-- COLLECTED MATERIAL follows --
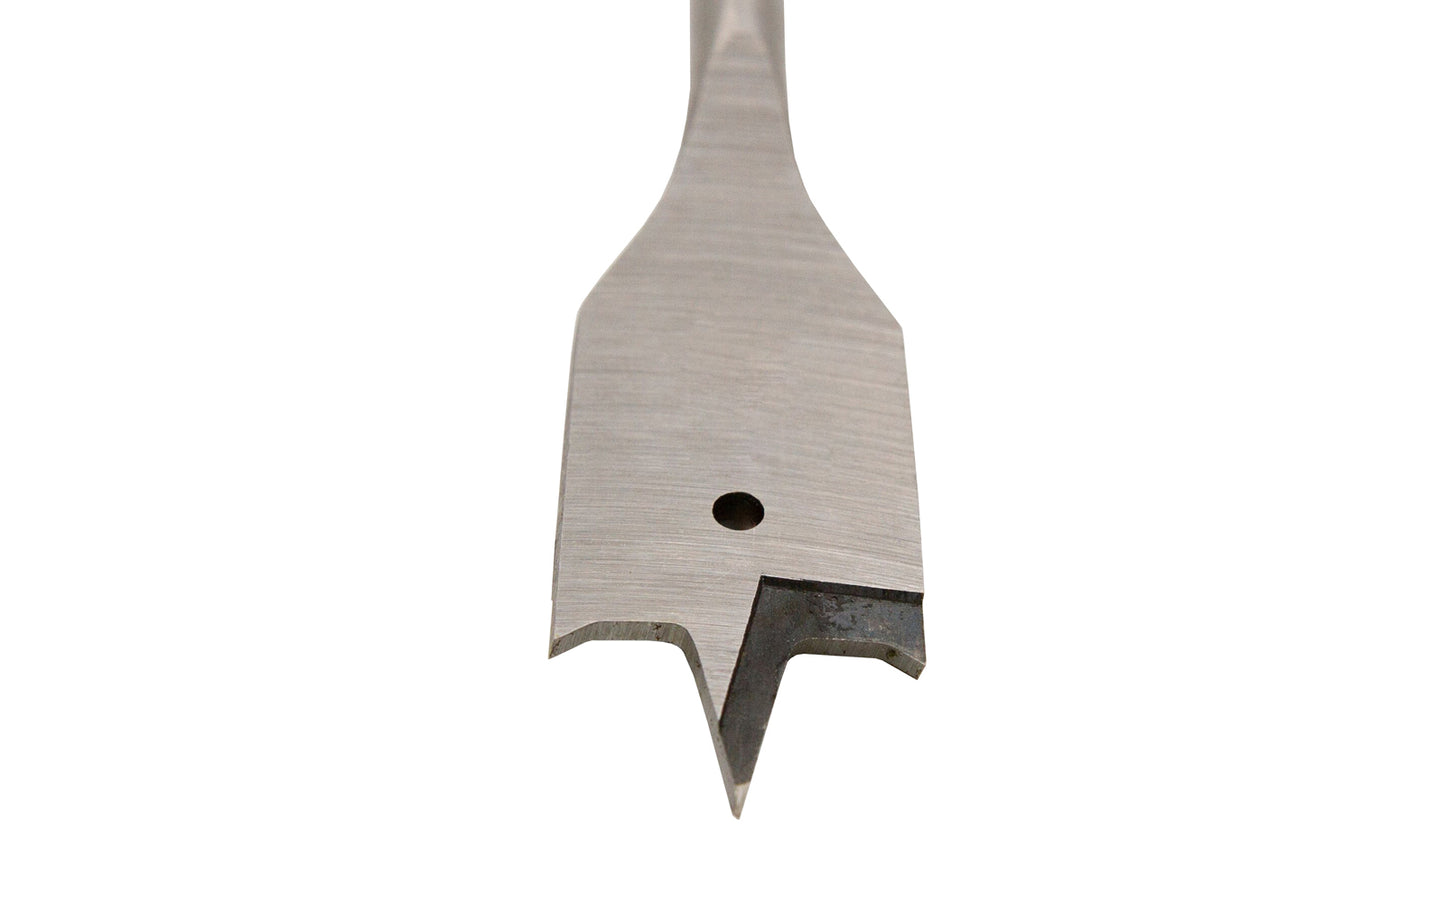 Wood Owl Flat Boring Spade Bit ~ 6" Long - Precision ground & spurred cutting edges for smooth, finished holes - 6" Length
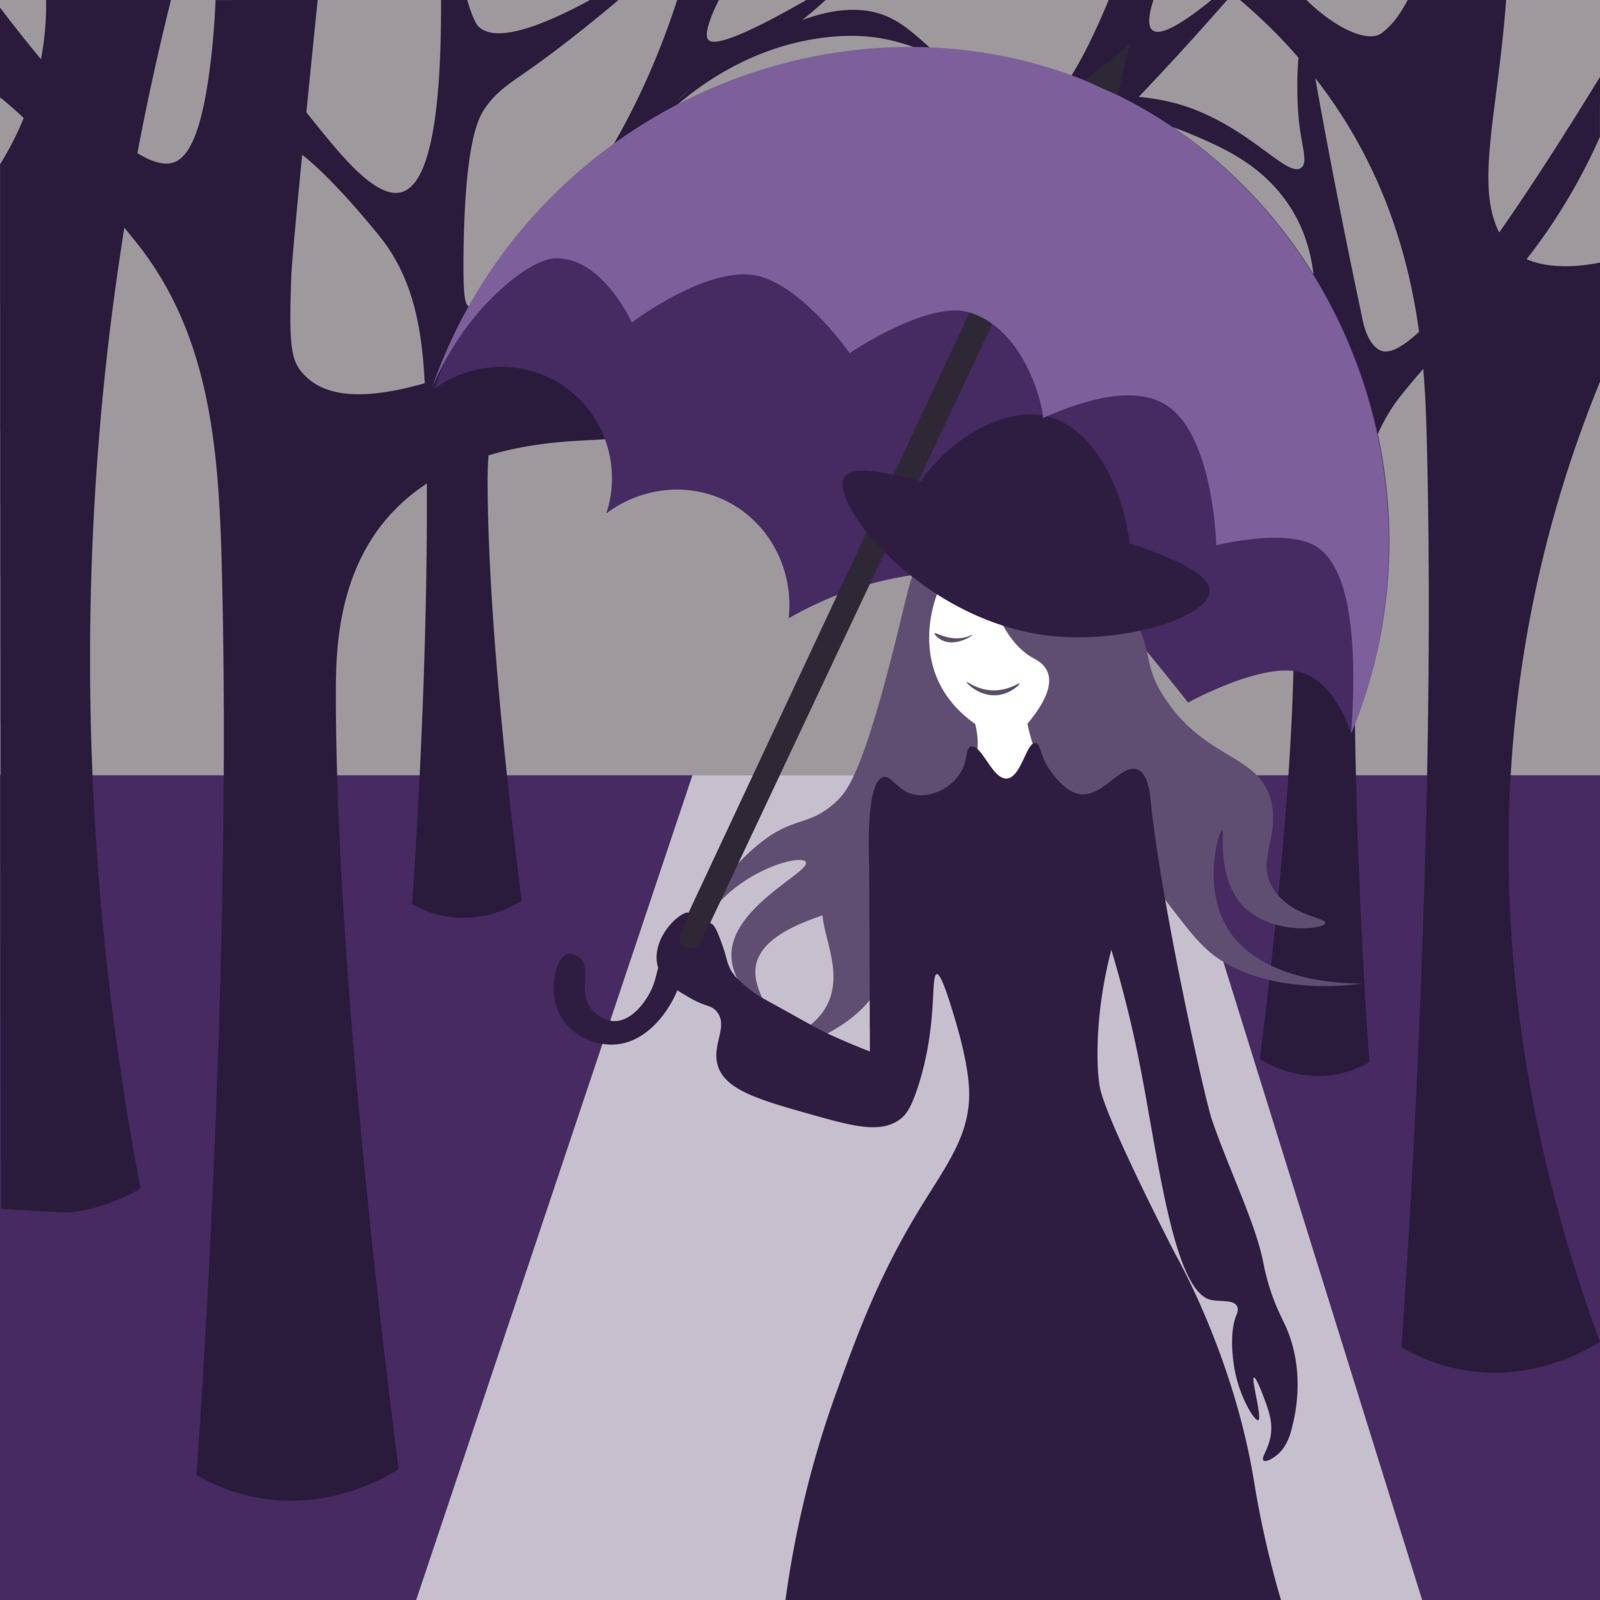 Old-fashioned woman with a parasol walking through the park in violet shades by paranoido
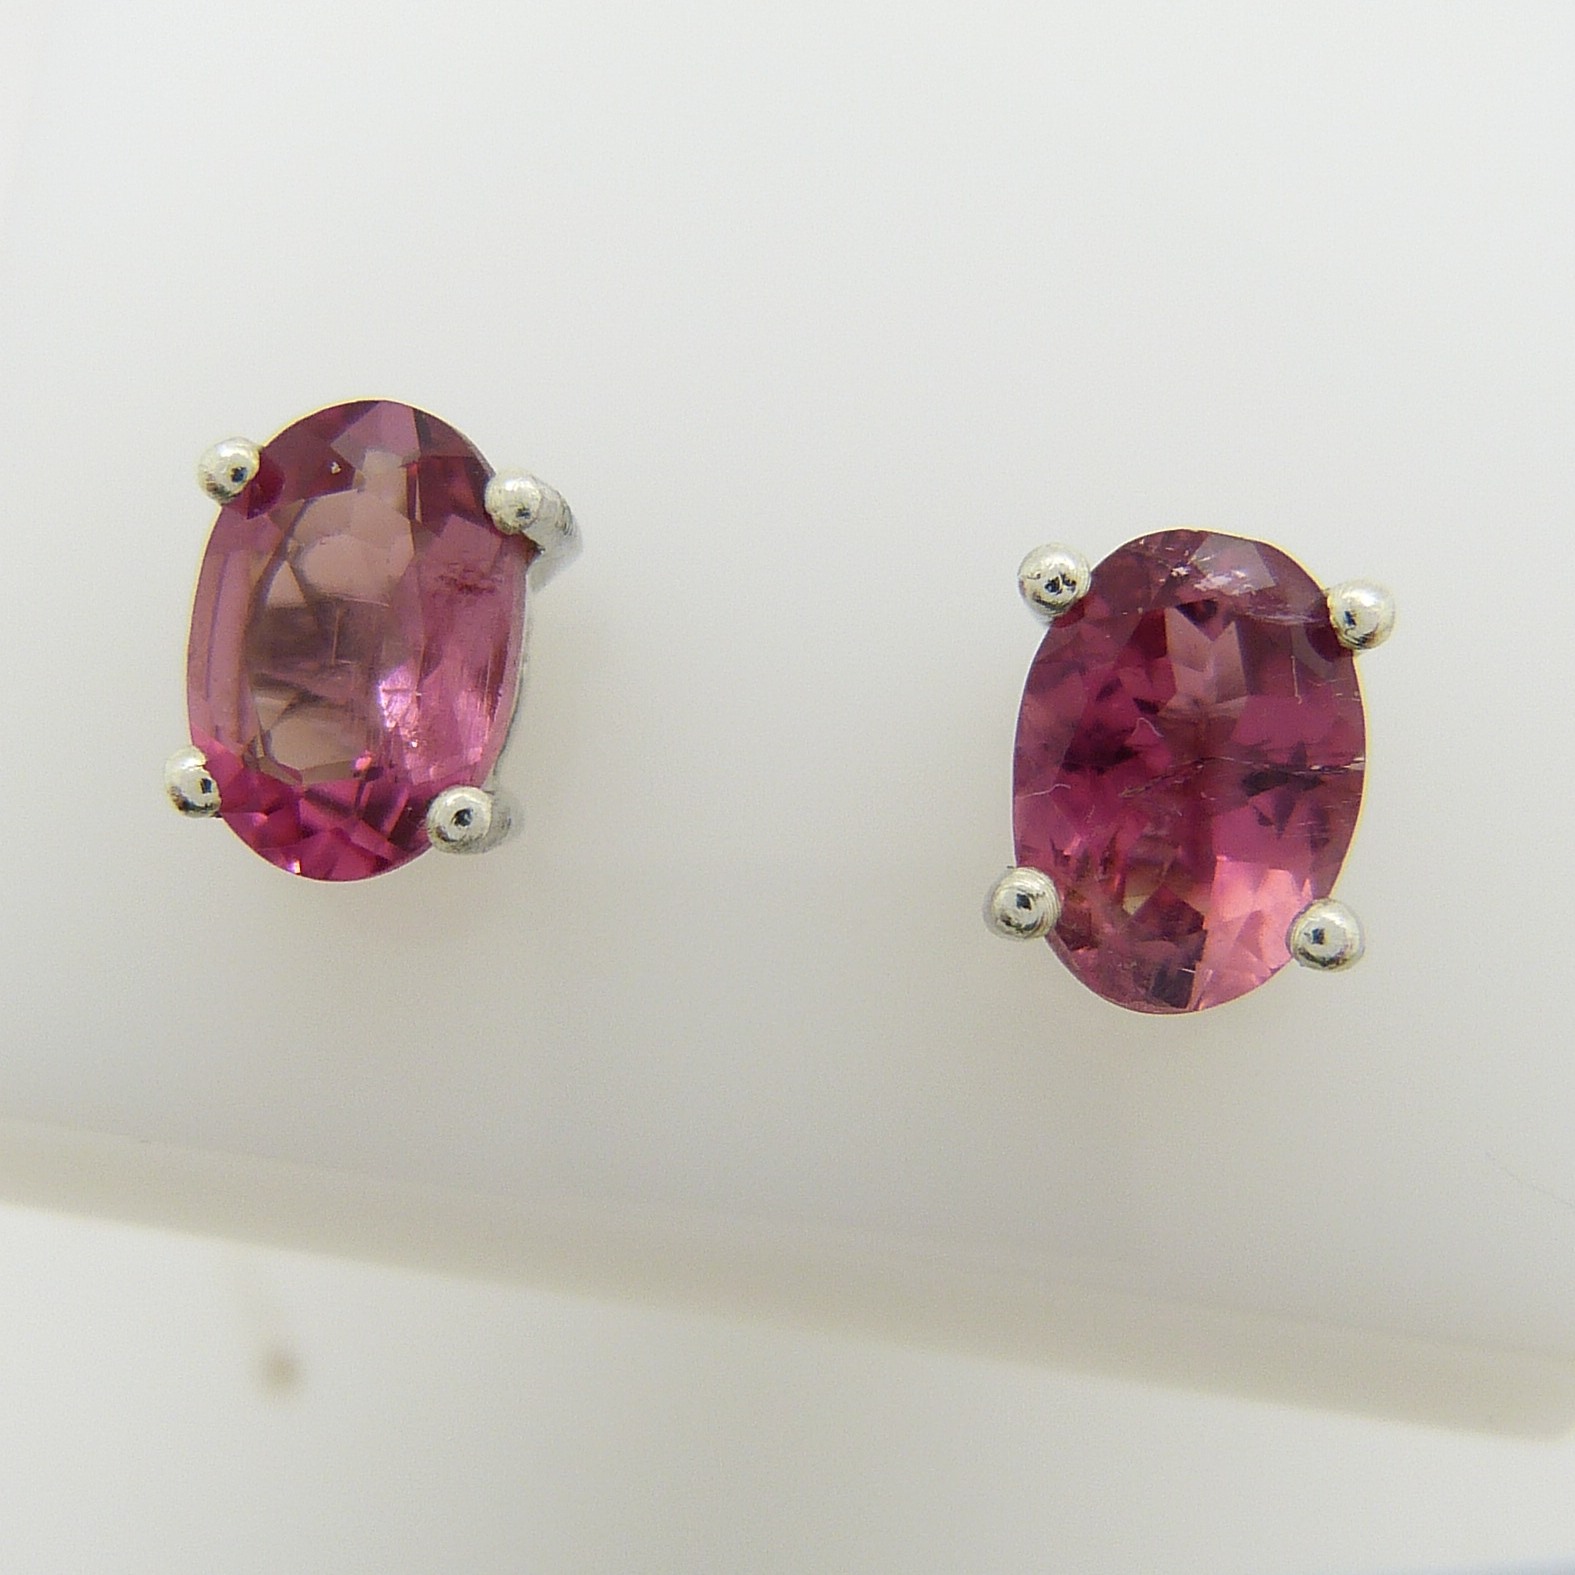 A pair of silver ear studs set with pink tourmalines, 1.30 carats (approx). - Image 3 of 5
-- COLLECTED MATERIAL concluded --
• **HOW TO COMPLETE THIS TASK**
Your answer should contain all the material above, written out exactly, and none of the pictures.

• **ANSWER TO THIS PROBLEM**
 Wood Owl Flat Boring Spade Bit ~ 6" Long - Precision ground & spurred cutting edges for smooth, finished holes - 6" Length
 Old-fashioned woman with a parasol walking through the park in violet shades by paranoido
 A pair of silver ear studs set with pink tourmalines, 1.30 carats (approx). - Image 3 of 5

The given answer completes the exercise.